No API keys needed — generates synthetic responses from 5 models and runs the legacy diversity metrics on them:
python run.py --demoThis writes mock JSONL to results/raw_responses/OD-01.jsonl and prints pairwise naming similarity, library-choice entropy, design-pattern detection, and embedding cosine similarity.
The pipeline has 6 scripts that run in sequence. Each step produces outputs consumed by later steps. Below is the exact execution order.
Calls 11 models across 4 API providers (OpenAI, Anthropic, Google, Together) and writes per-prompt JSONL files to results/raw_responses/.
python run.py --collect --samples 20 --temps 0.0 0.7| Flag | Default | Description |
|---|---|---|
--samples N |
50 | Samples per model per temperature |
--temps T [T ...] |
0.0 1.0 | Temperature values to sweep |
--prompts ID [ID ...] |
all 60 | Subset of prompt IDs (e.g. AL-01 OD-03 SE-12) |
--models NAME [NAME ...] |
all 11 | Subset of model display names |
Requires: API keys in .env (see Environment Setup).
Produces: results/raw_responses/<PROMPT_ID>.jsonl — one line per (model, temperature, sample).
Downloads human-written Python solutions from the APPS dataset (Hendrycks et al., 2021) and writes them in the same JSONL schema so the diversity proof can compare LLM vs. human pools.
python fetch_human_baseline.py \
--prompts AL-01 AL-03 AL-05 \
--out-dir results/human_baseline \
--max-solutions-per-prompt 30| Flag | Default | Description |
|---|---|---|
--prompts ID [ID ...] |
AL-01 AL-03 AL-05 | Prompt IDs to fetch baselines for |
--out-dir PATH |
results/human_baseline |
Output directory |
--max-solutions-per-prompt N |
30 | Cap human solutions per prompt |
--max-problems-per-prompt N |
5 | Max APPS problems matched per prompt |
Requires: pip install datasets (already in requirements.txt).
Produces: results/human_baseline/<PROMPT_ID>.jsonl.
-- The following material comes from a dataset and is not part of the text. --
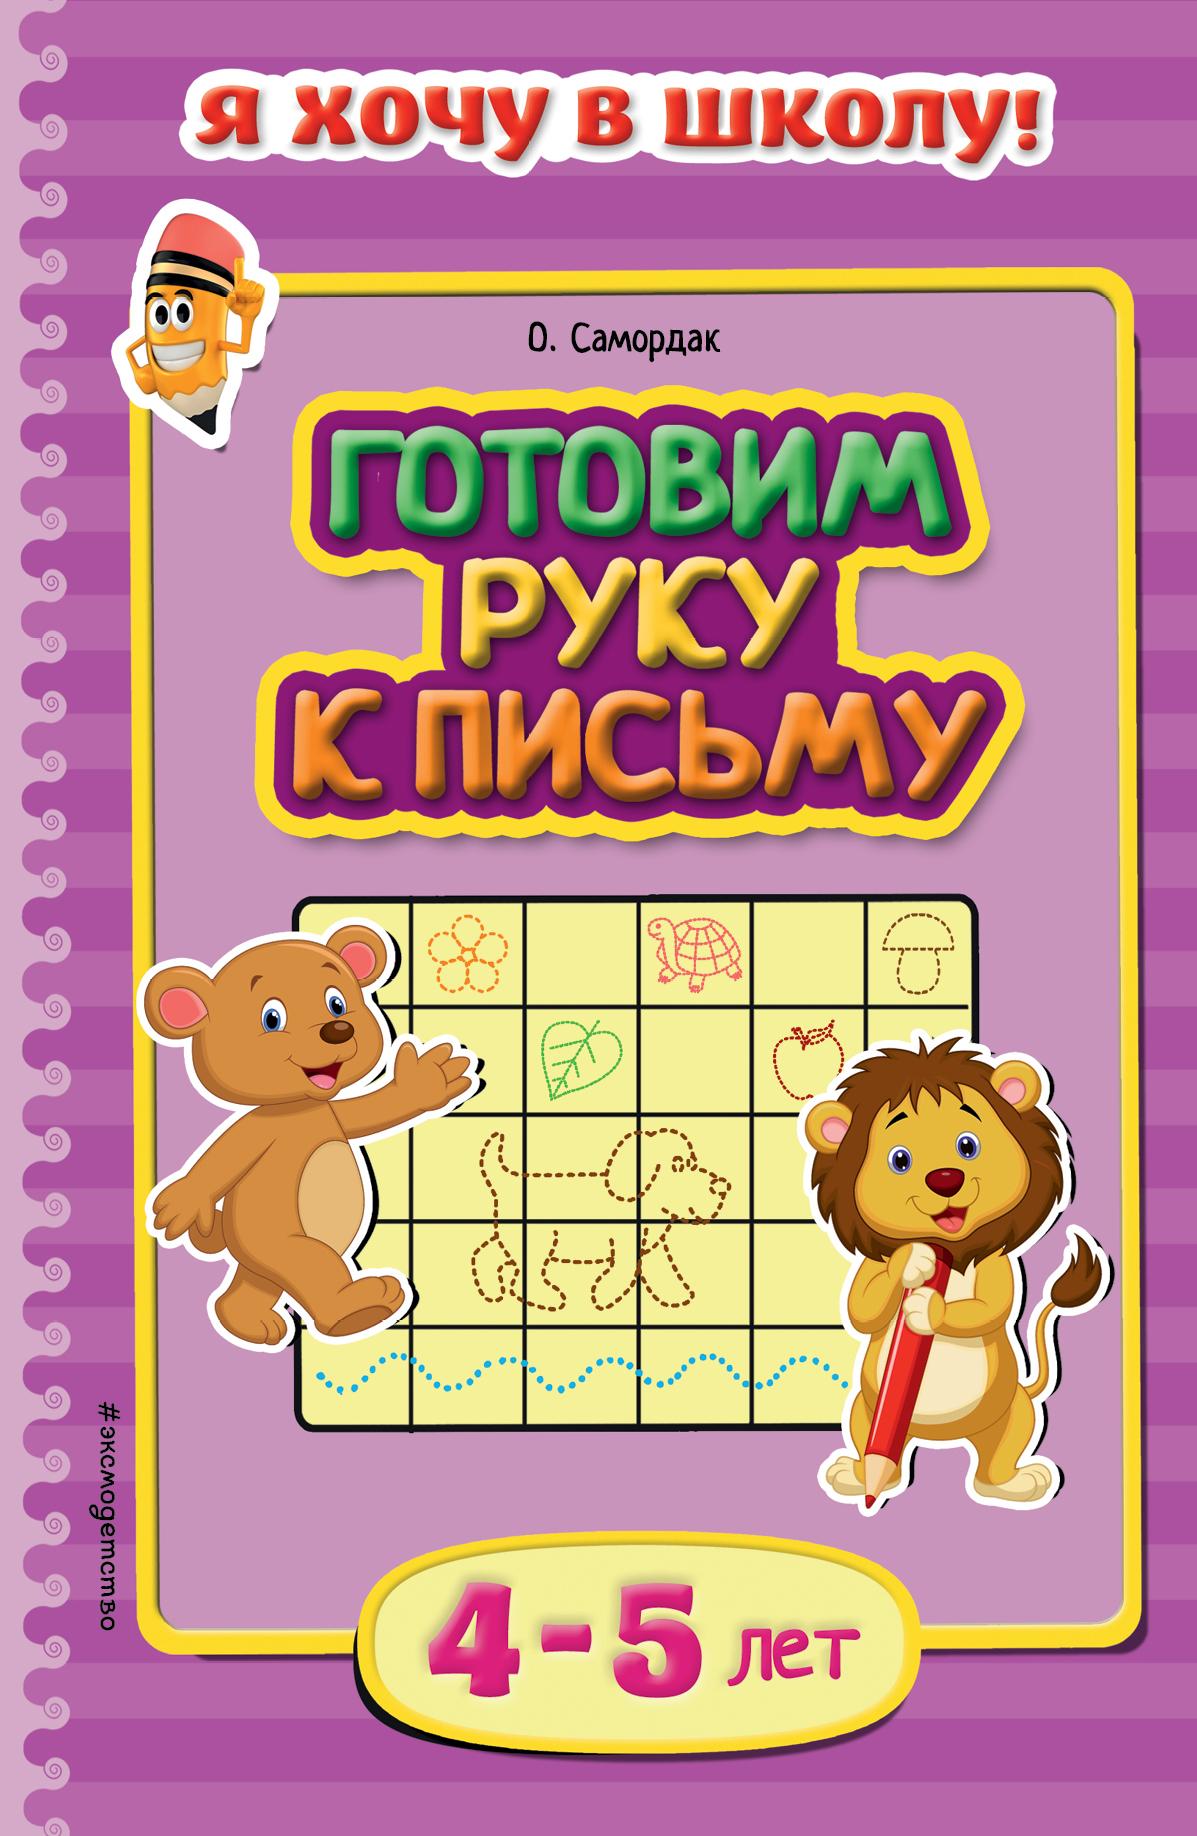 Готовим руку к письму: для детей 4-5 лет

The paper's core three-pillar analysis on a single temperature. Computes Vendi Scores under three kernels across four pools (shuffled-null, human, inter-LLM, intra-LLM), runs a paired ordering test (LLM vs. human), and evaluates functional convergence on algorithmic prompts.
python proof_homogeneity.py \
--prompts AL-01 AL-03 AL-05 \
--temperature 0.7 \
--human-dir results/human_baseline \
--embedder codet5p \
--device cpu| Flag | Default | Description |
|---|---|---|
--prompts ID [ID ...] |
AL-01 AL-03 AL-05 | Prompt IDs to analyze |
--temperature T |
1.0 | Single temperature to analyze |
--raw-dir PATH |
results/raw_responses |
Directory with LLM JSONL files |
--human-dir PATH |
(none) | Directory with human JSONL files |
--out-dir PATH |
auto-generated | Output directory |
--embedder NAME |
unixcoder | Embedding model: codet5p, unixcoder, codebert, or none |
--device |
cpu | cpu or cuda |
--n-boot N |
1000 | Bootstrap resamples for CIs |
--skip-pillar3 |
false | Skip functional-convergence tests |
--dry-run |
false | Print configuration and exit |
Requires: pip install torch transformers (for neural kernels), pip install apted (for AST kernel; falls back to node-bag Jaccard without it).
Produces (in --out-dir):
| File | Contents |
|---|---|
summary.json |
Full numeric results |
summary.md |
Human-readable report |
fig_pillar1_vendi.png |
Grouped bars: pools x kernels x prompts |
fig_pillar2_ordering.png |
Paired scatter: LLM vs. human Vendi |
fig_pillar3_traces.png |
Stacked trace-cluster bars per prompt |
Wraps v1 and adds temperature sweep, leave-one-family-out ablation, and a mixed-effects regression. This is the script that produces the paper's main diversity figures.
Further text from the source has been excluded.